There was a problem hiding this comment.
Thank you for the great work on developing this check! The function works really well and I have some thoughts that I'd love your input on.
- If I provide a function with a year that doesn't exist in the metric file, it prints the entire list of missing GEOIDs for that year. It might be easier to understand the output from a user perspective if there was a check that verifies whether the year exists in the metric file or not. This way we can avoid printing hundreds of GEOIDs and provide the user with a more informative message i.e. they haven't provided data for the year they want to verify.
- If the user provides an incorrect column name, then an error is thrown which says "object" is not found. It be clearer to inform the user that the column they want to test for doesn't exist in the data so they can fix the function call/data.
- I wonder if the function could be a little more specific in terms of verifying year based GEOIDs. For example, if a GEOID doesn't exist in "pre-2022" crosswalk and the metric file also has only "pre-2022" years, the function will still flag that GEOID as missing because it is present for the "2022" crosswalk. Does it make sense for the function to distinguish between years the user wants to test and corresponding GEOIDs? Or do you think it is preferable to have the user figure this out?
Please let me know if I can clarify anything. Thanks again for putting this together!
- Added new argument `crosswalk_years` to explicitly define the valid years a crosswalk applies to - If both `crosswalk_years` and `years` are supplied, the function now: - Warns if any metric years fall outside the crosswalk's valid range - Filters the metric file to include only the overlapping years - Prevents false positives for missing GEOIDs due to incompatible temporal scope - Ensures user intent and awareness when working with non-standard crosswalk metadata
|
Hi @ridhi96, thank you for your thoughtful and helpful feedback! I've incorporated your suggestions into the latest version of the function:
Let me know if you think this can be improved further — appreciate your review! |
| stop("Could not infer geography columns. Expecting one of: county or place.") | ||
| } | ||
|
|
||
| crosswalk_geo_cols <- crosswalk_col_names %||% infer_geo_cols(crosswalk) |
There was a problem hiding this comment.
I don't think this is handling the comment I had about the user specifying a wrong column name. It still throws an object not found error when either code line 112 or 116 is executed.

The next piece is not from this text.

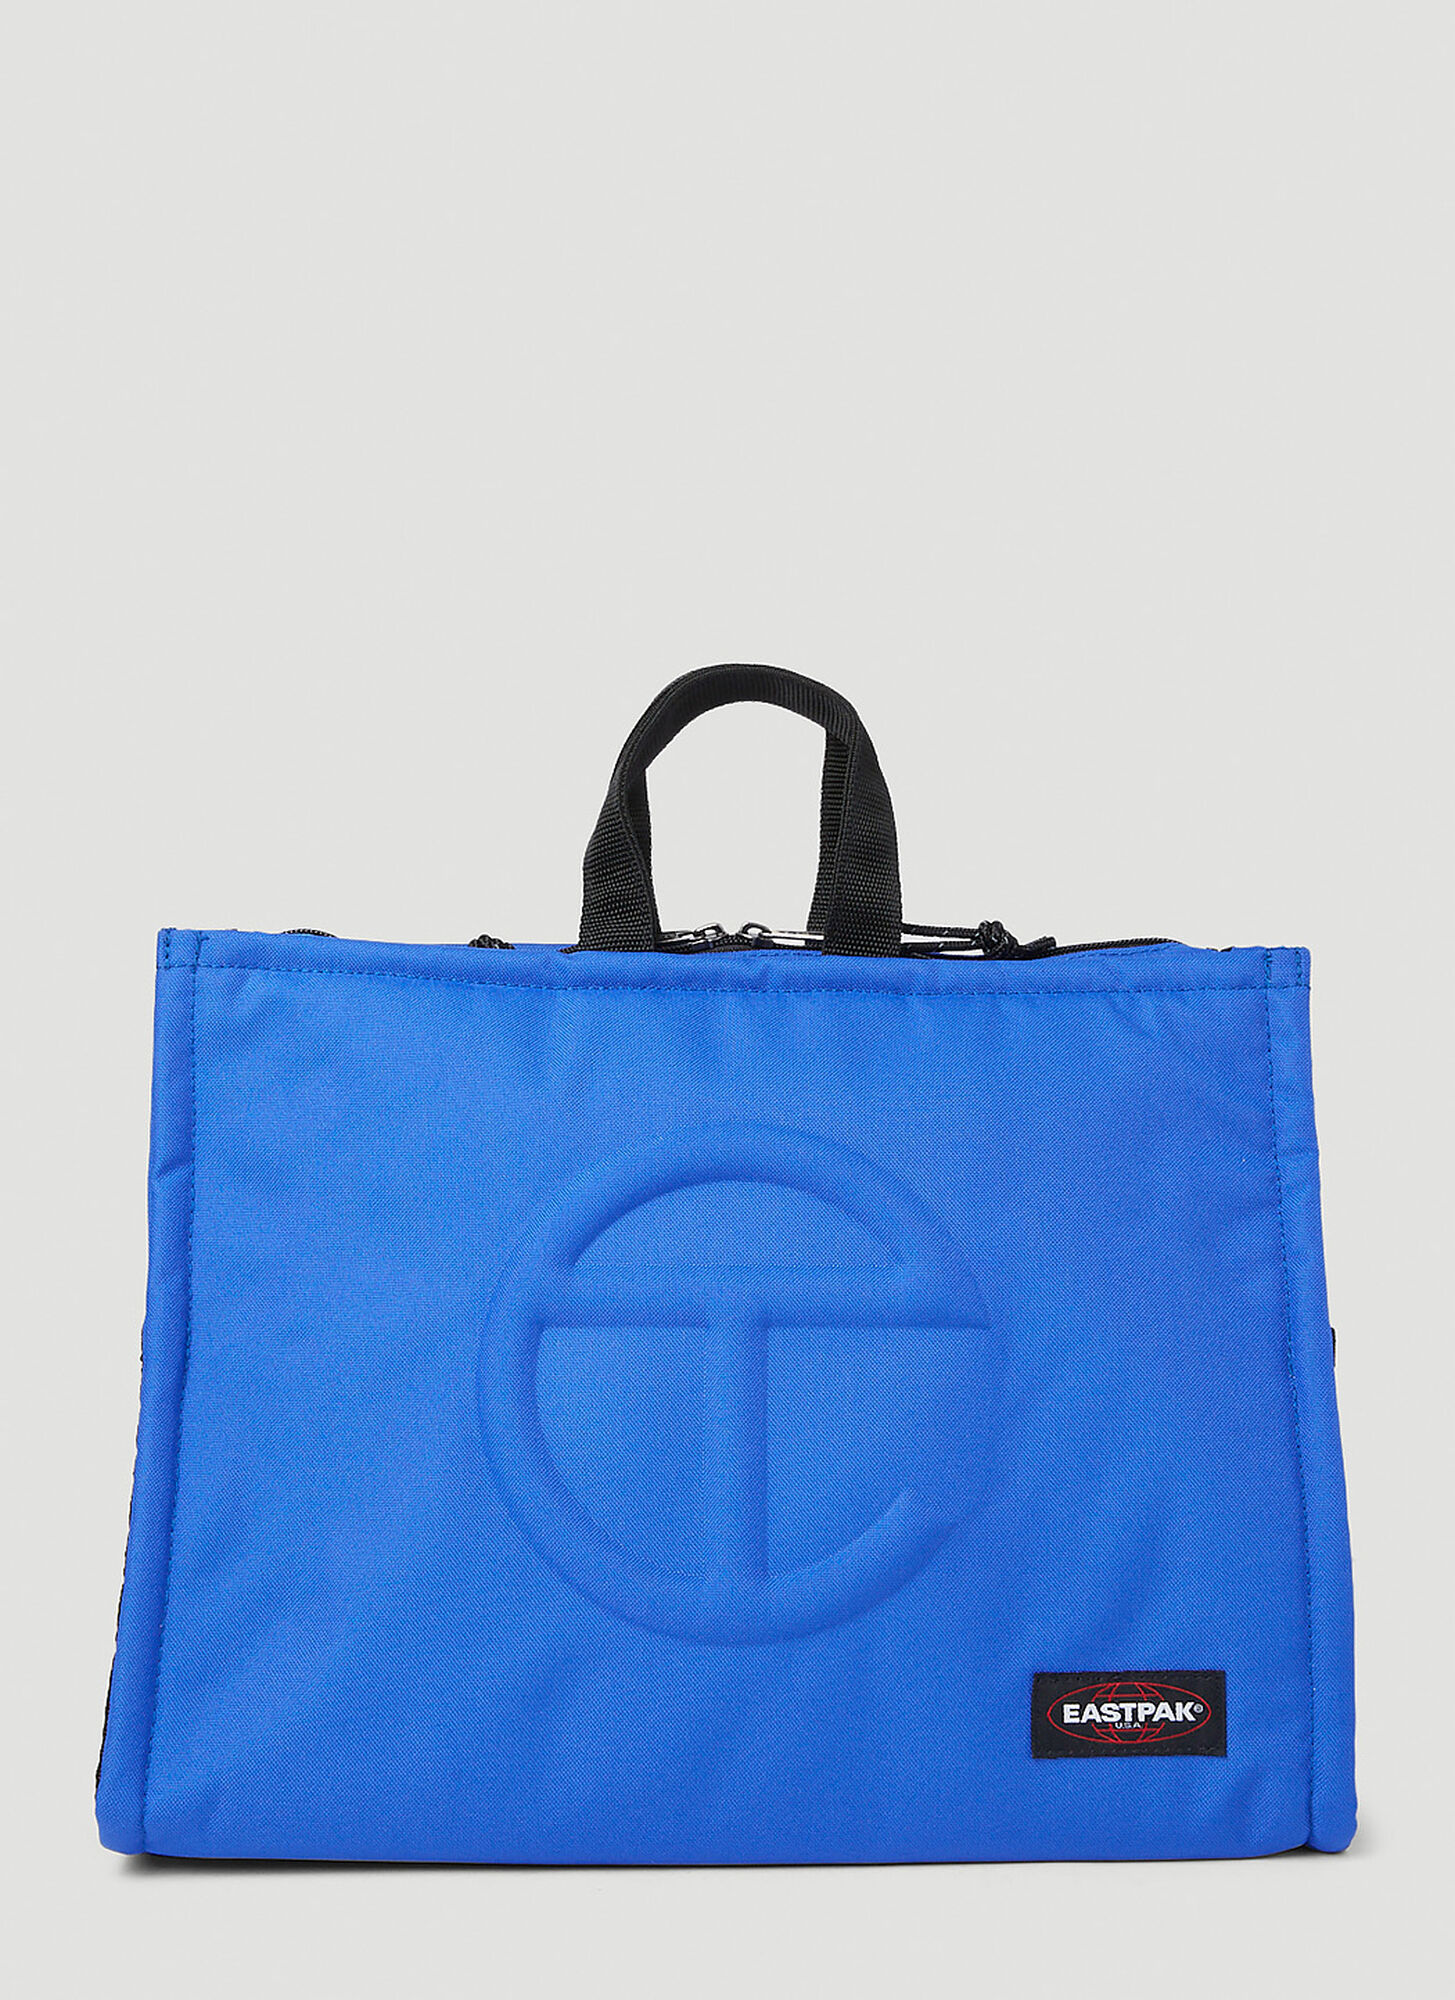 Eastpak X Telfar Shopper Convertible Medium Tote Bag Unisex Blue

There was a problem hiding this comment.
Would you mind sharing the example you used to get this error? It works fine for me with
result <- validate_geographies(
crosswalk_path = here::here(
"geographic-crosswalks",
"data",
"crosswalk_puma_to_county.csv"
),
metric_path = here::here("01_financial-well-being", "final", "households_house_value_race_ethnicity_all_county.csv")
)
There was a problem hiding this comment.
Sorry I wasn't clear earlier. The issue comes up when a user misspells or provides an incorrect column name which doesn't exist in the data (either metric or crosswalk). For example, I get an error when I run the following snippet.
result <- validate_geographies(
crosswalk_path = here::here(
"geographic-crosswalks",
"data",
"crosswalk_puma_to_county.csv"
),
metric_path = here::here("01_financial-well-being", "final", "households_house_value_race_ethnicity_all_county.csv"),
metric_col_names = "stte"
)
Output:
Error in `mutate()`:
ℹ In argument: `geoid = str_c(stte)`.
Caused by error:
! object 'stte' not found
It would be helpful to anticipate this error and inform the user accordingly.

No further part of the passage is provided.